Spaces:
Running
Running
Model details
#1
by
Gaeros
- opened
Hey, really appreciate this model! It's been tough finding a vision model that prioritizes style while filtering out content semantics.
Did you train it yourself? I'm planning to build my own embedding database using the weights, but I'd love to understand more about the training process. Could you share some details?
Glad you like it! It's a model I trained for adding style control for image generation.
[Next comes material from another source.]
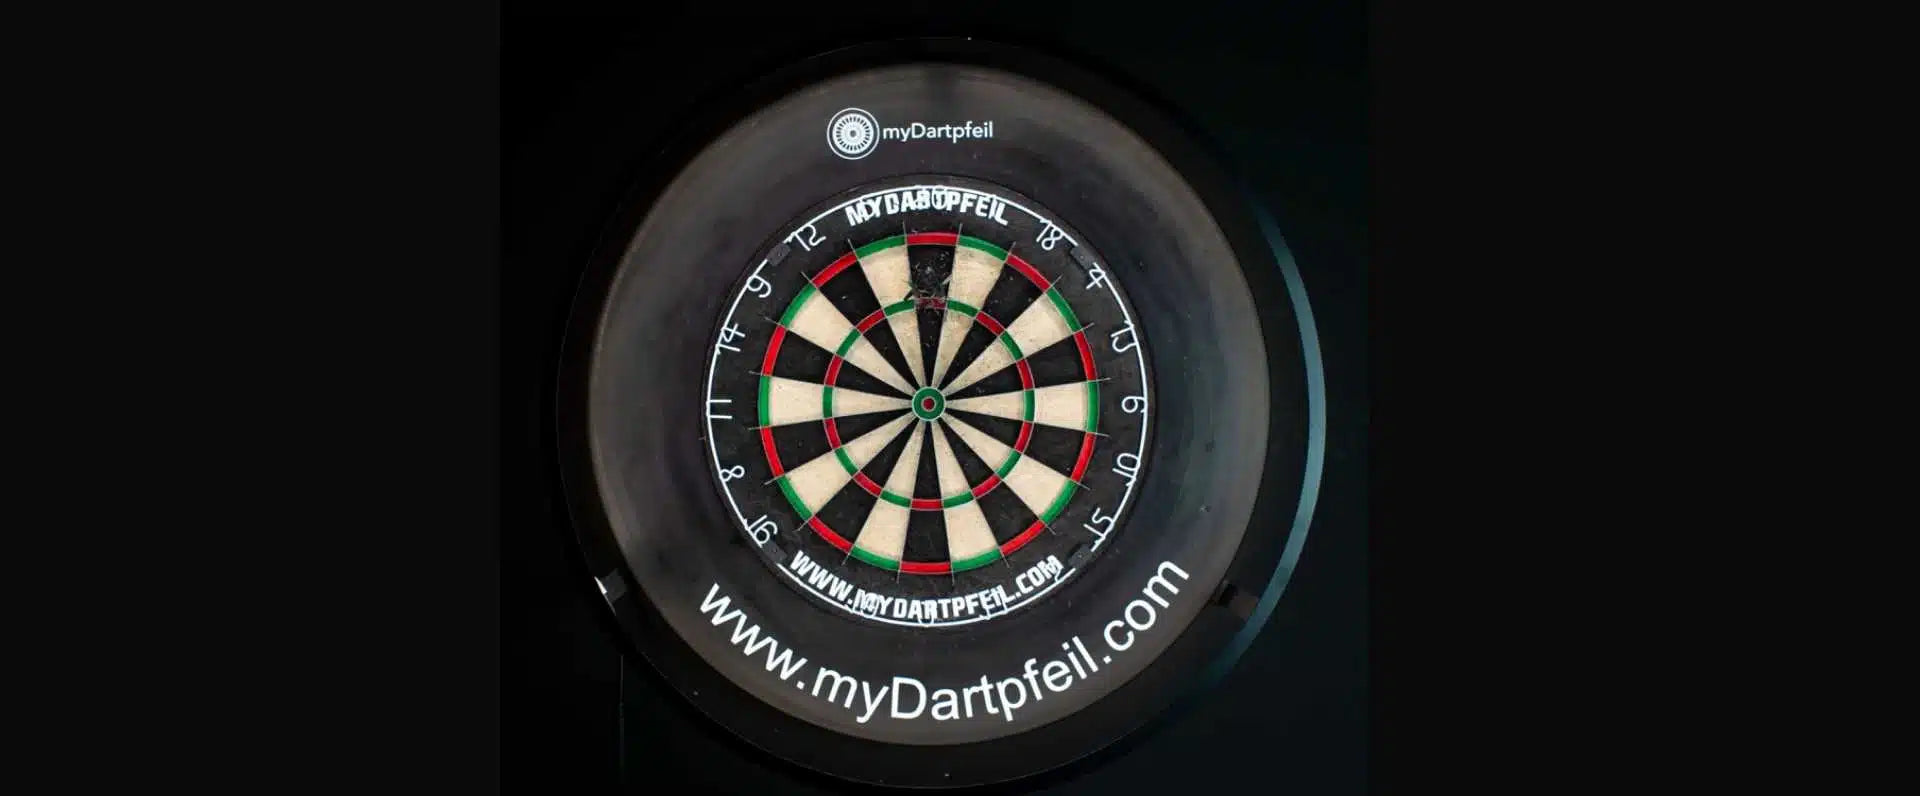 Lighting for the dartboard: guide including DIY tips

Incidentally I'm reworking this recently since I didn't properly log everything last time, but here's what I can recall and dig up:
- Dataset: danbooru-artists-10k artists train split
- Model: ViT-S/14 (weights initialized from DINOv2)
- Training objective: Supervised contrastive loss
- Training resolution: Varied (aspect ratio preserving resized to ~518x518 pixels)
- Augmentation: Random Resized Crop (scale=(0.7,1.0))
- Training duration: ~60k batches of 48 images (16 artists * 3 imgs/artist)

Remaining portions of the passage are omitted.